Careless or mischievous young people who were pushed into the foremost ranks of the mockers, and stood grinning and grimacing under the lights, would of a sudden feel a spell clamped upon them.They would hear a strange, quavering note in the preacher's voice, catch the sense of a piercing, soul-commanding gleam in his eye--not at all to be resisted.These occult forces would take control of them, drag them forward as in a dream to the benches under the pulpit, and abase them there like worms in the dust.And then the preacher would descend, and the elders advance, and the torch-fires would sway and dip before the wind of the mighty roar that went up in triumph from the brethren.
These combats with Satan at close quarters, if they made the week-day evenings exciting, reacted with an effect of crushing dulness upon the Sunday services.
The rule was to admit no strangers to the grounds from Saturday night to Monday morning.Every year attempts were made to rescind or modify this rule, and this season at least three-fourths of the laymen in attendance had signed a petition in favor of opening the gates.The two Presiding Elders, supported by a dozen of the older preachers, resisted the change, and they had the backing of the more bigoted section of the congregation from Octavius.

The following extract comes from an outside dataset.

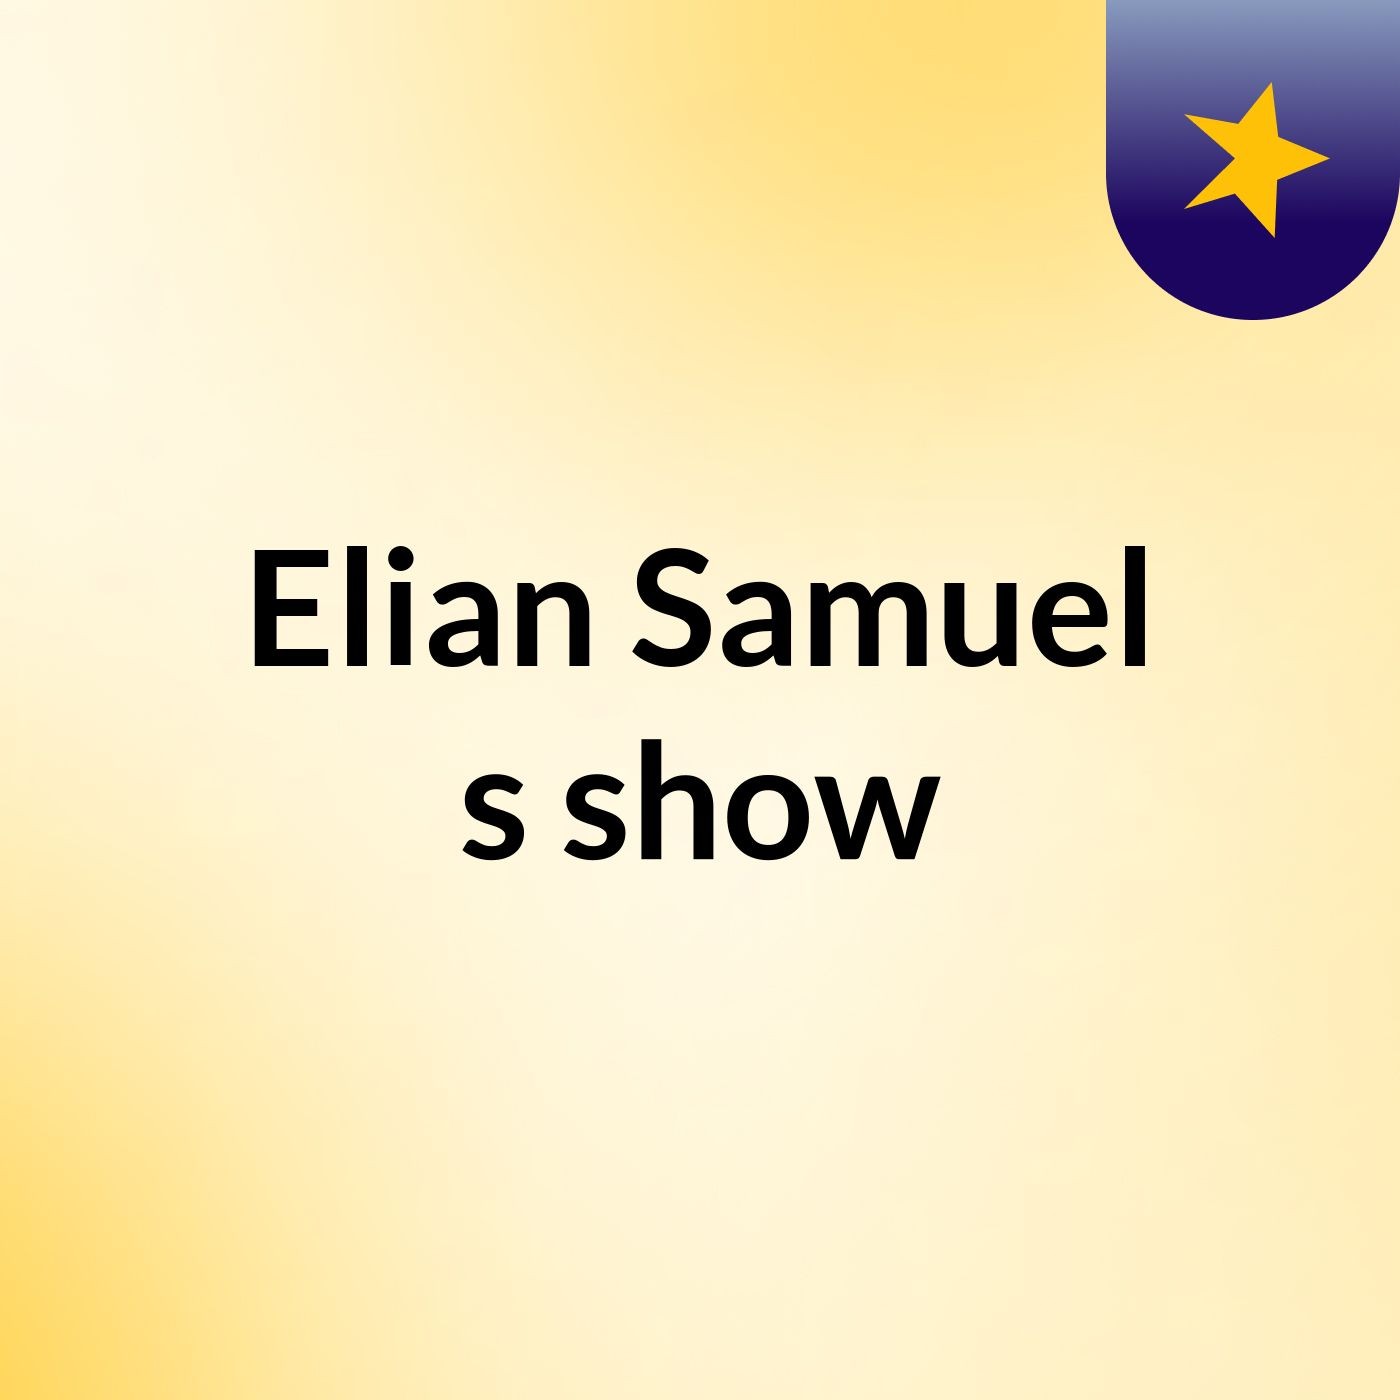 Elian Samuel's show

The controversy reached a point where Theron's Presiding Elder threatened to quit the grounds, and the leaders of the open-Sunday movement spoke freely of the ridiculous figure which its cranks and fanatics made poor Methodism cut in the eyes of modern go-ahead American civilization.
Then Theron Ware saw his opportunity, and preached an impromptu sermon upon the sanctity of the Sabbath, which ended all discussion.Sometimes its arguments seemed to be on one side, sometimes on the other, but always they were clothed with so serene a beauty of imagery, and moved in such a lofty and rarefied atmosphere of spiritual exaltation, that it was impossible to link them to so sordid a thing as this question of gate-money.